Out front in narrowly framing the issue as one of technical and legalistic details are professors Kent Roach and Craig Forcese, who, despite providing much good research on state security measures over the years, nonetheless write in their 2015 book False Security that:

“[W]e have rarely opposed such laws, although often urged refinements and improvements. And even with C-51 and the earlier 2015 law, Bill C-44, we did not dispute their purported objectives, merely their means and omissions. Our focus has always been on repairing 2015’s security laws, not burying them, something that has put some distance between us and some rights groups that we work with and admire.”

Herein lies the danger in whatever national discussion about C-51 and the broader state security environment will ensue: our goal should not be making a fundamentally oppressive network of invasive, privacy-busting, human rights-violating agencies work more efficiently.

While polls indicate most Canadians opposed C-51, Roach and Forcese appear to have taken it upon themselves to save the law with a discussion paper and proposed legislation that is currently making the rounds in Ottawa. “Bridging the National Security Accountability Gap” calls for increased levels of state security review via a “Super SIRC” that would have an expanded review mandate for more government agencies, a secret committee of parliamentarians, and an “Independent Monitor” who would, in the words of the proposed law, hold office part-time “during good behaviour.” In theory, it’s an interesting idea, and one much needed, especially for agencies like CBSA, which has no review process whatsoever. But a siloed focus on after-the-fact review fails to question the state security narrative that continues to do so much up-front damage to so many individuals, families and communities.

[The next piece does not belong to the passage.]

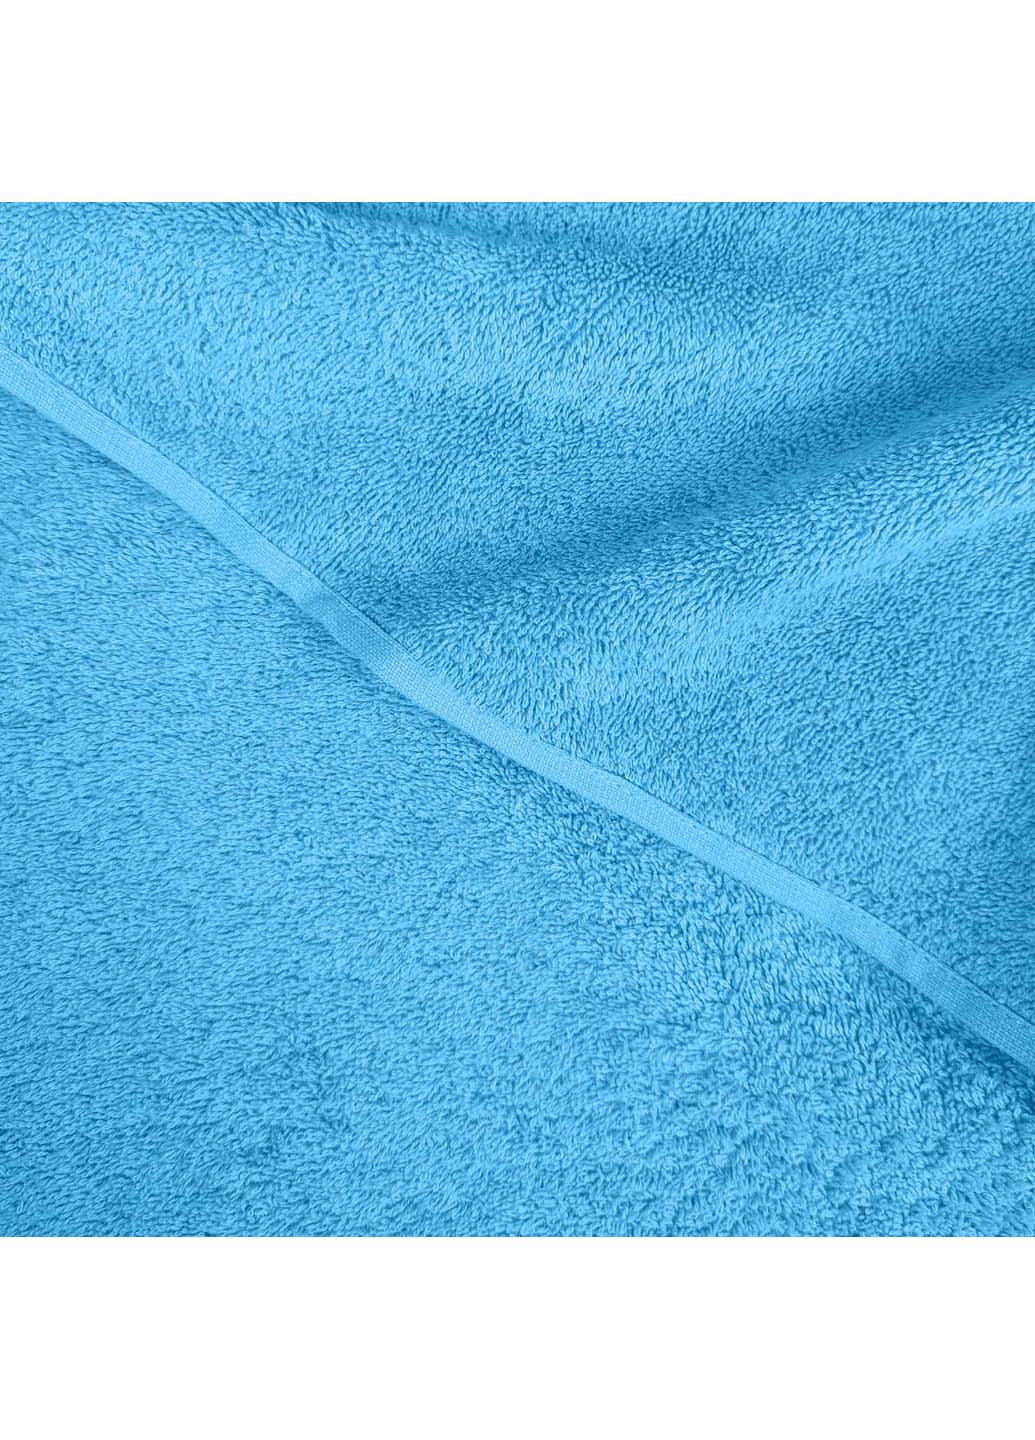 Cosas полотенце махровое 50х90 см голубой производство -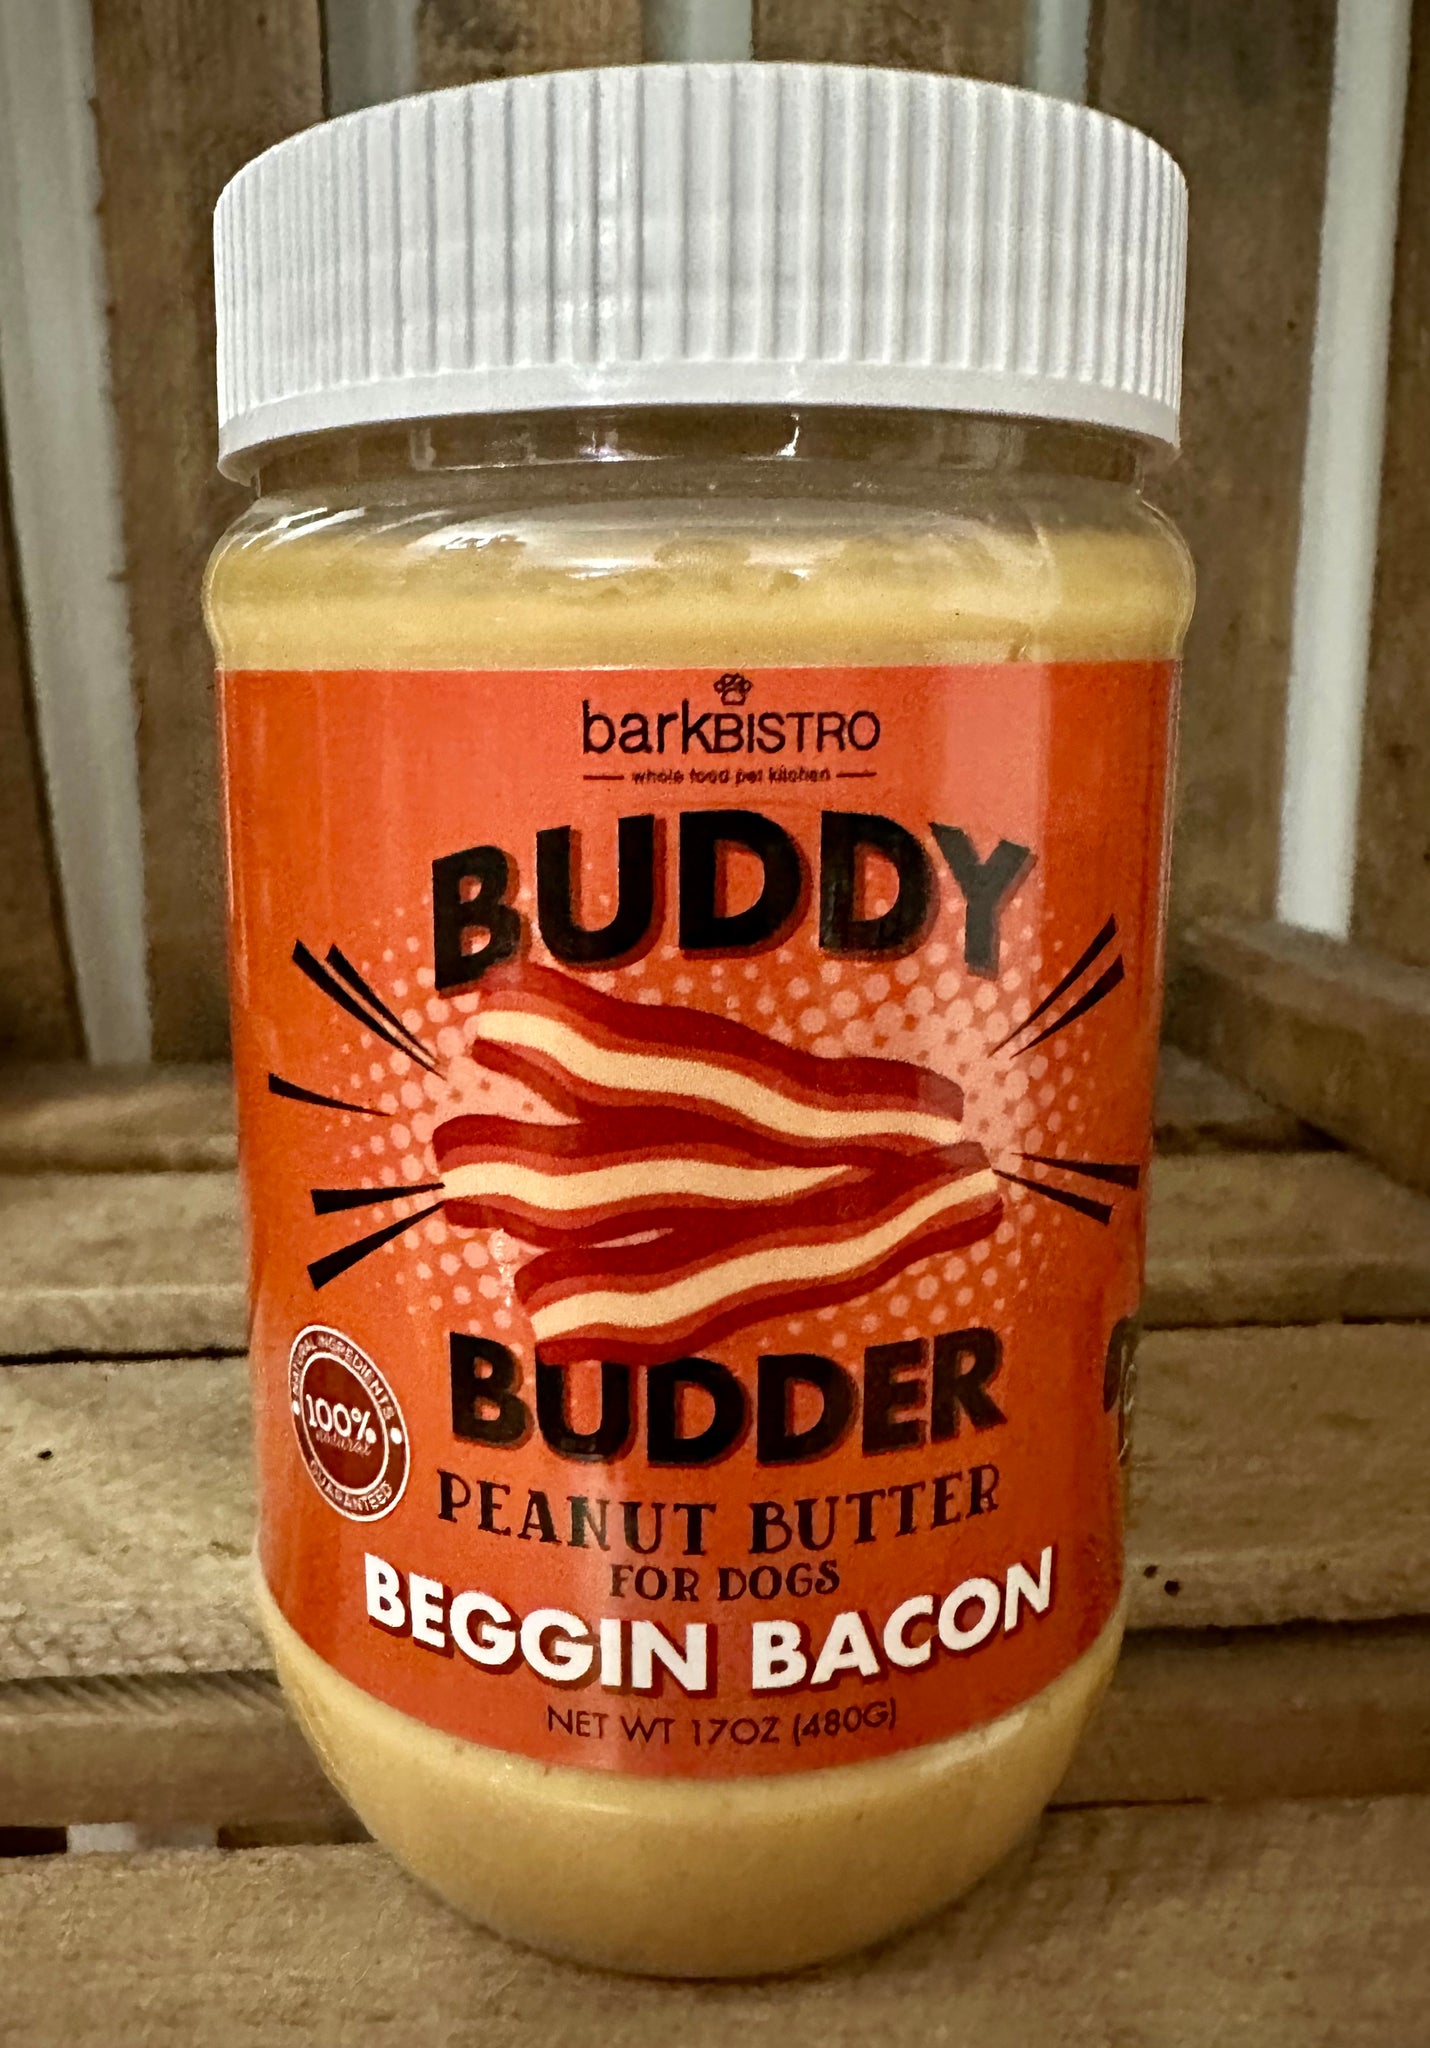 Buddy Budder

Worse still is the fact that expanded review does nothing to ultimately hold agencies accountable: there is no discussion of creating the capacity to lay charges against agency officials for the wrongdoing that ruins lives. Nor is there any infrastructure proposed that allows independent officials to step in and stop an operation that is acting illegally and at great risk to individuals whose lives are in peril because of shoddy “intelligence” work, exaggerated threat assessments, false labelling, and other systemic problems that have marked CSIS since its birth.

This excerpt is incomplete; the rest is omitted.